Some of the dancers have been with us since our second album, including Will West, Mete, Miranda – almost half the cast. We met our choreographer, Shay, while making the videos for 'Good Times / Problemz' back in 2022 and immediately formed an amazing connection with him. He leads a fantastic crew in Amsterdam known as Ghetto Funk, and they brought an incredible energy we'd never seen before. When it came time to choose a choreographer for the 'Volcano' film, Shay was the obvious choice. Our relationship with him is extraordinary, and we consider him the best choreographer in the world at the moment. His investment in the project, as part of our extended family, is incredibly important to us. We believe in surrounding ourselves with and promoting talented individuals. It's this incredible circle of friends, collaborators, and creatives that elevate our work to heights we couldn't achieve alone.
Your music beautifully blends elements of soul, funk, disco, and electronic music. How do these genres inspire your sound, and what artists have influenced you the most?
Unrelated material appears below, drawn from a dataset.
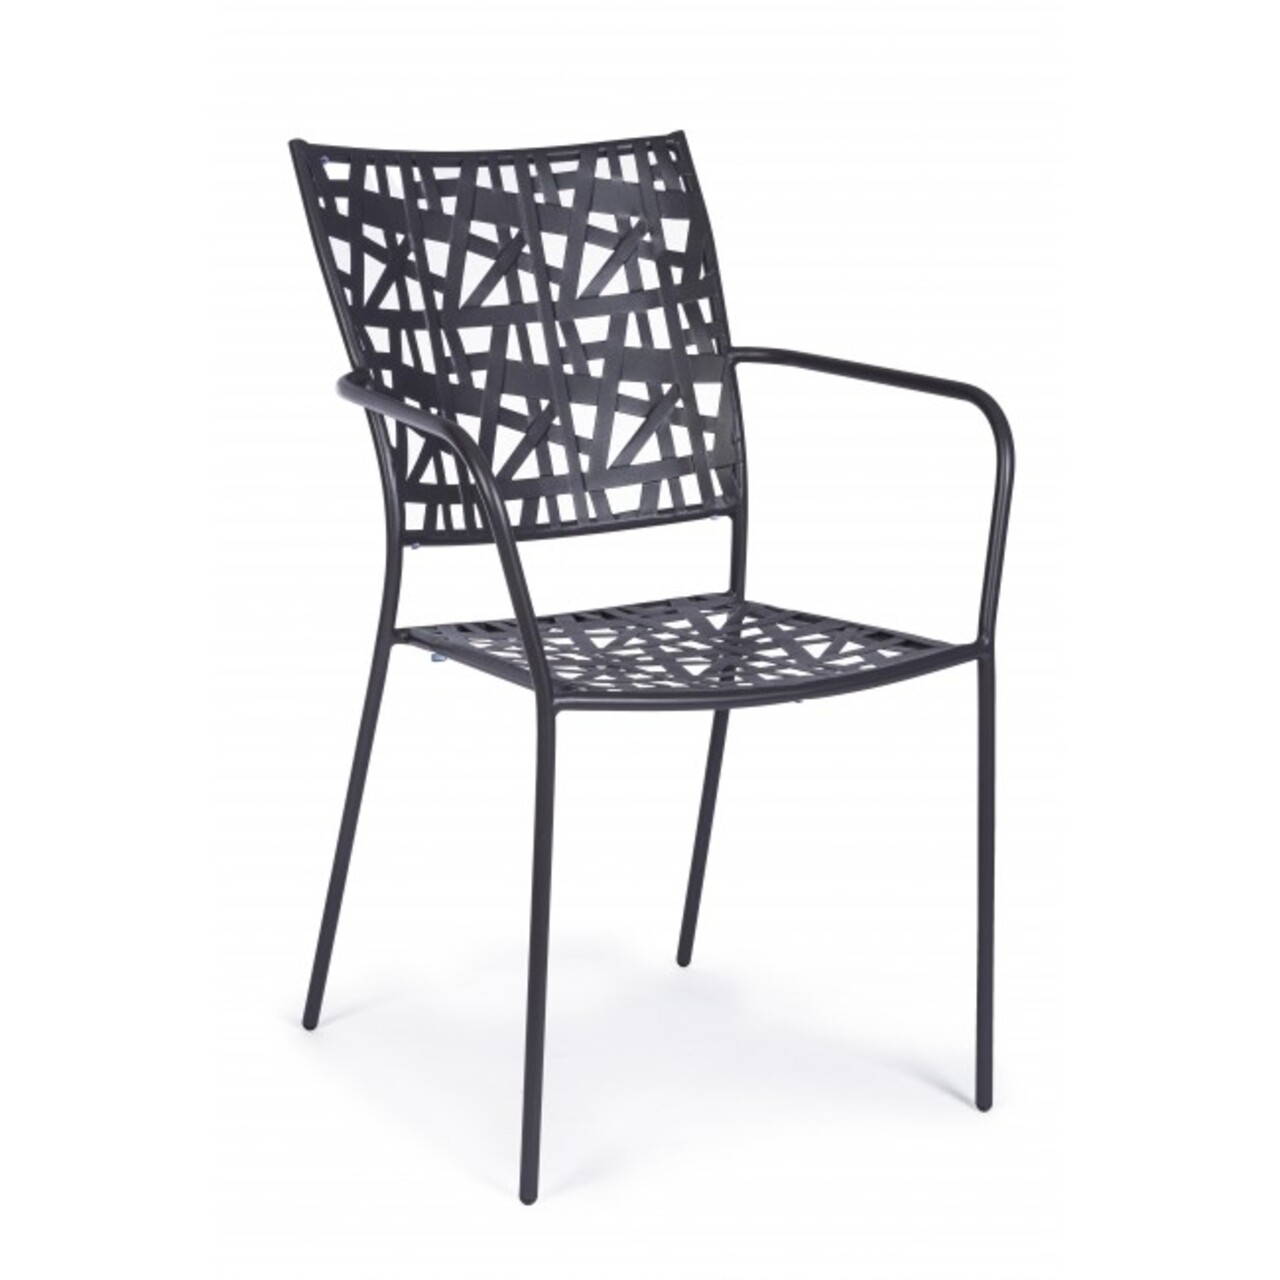 Kelsie Kerti szék, Bizzotto, 54x55x89 cm, acél, szénszürke

I think, in terms of producers, you have legends like Quincy Jones, who was behind all of the Jacksons' work. J Dilla is a massive influence on us; we regularly listen to his hip-hop tracks. Madvillain too has been a significant inspiration for us. Of course, you can also list all the classics: Marvin Gaye, The Beach Boys — there are countless seminal records. But, really, JUNGLE is an amalgamation of everything we've ever listened to, encompassing jazz, hip-hop, soul, funk, classical music, and more. We absorb all these influences and release our inspirations in a manner that's very personal and subconscious to us.
What are you most looking forward to at Break the Block, and will the dancers be accompanying you to the event? (Please say yes!)
I can, unfortunately, confirm that we can't bring the dancers with us. There's definitely an ambition to include live choreography in future shows, but at the moment, it's just too costly. However, we're incredibly excited about our first visit to Dubai. Its visual landscape appears magical in films, TV, and media. We're eagerly anticipating the experience of exploring the desert and witnessing the amazing futuristic mega city that lies in the middle of it.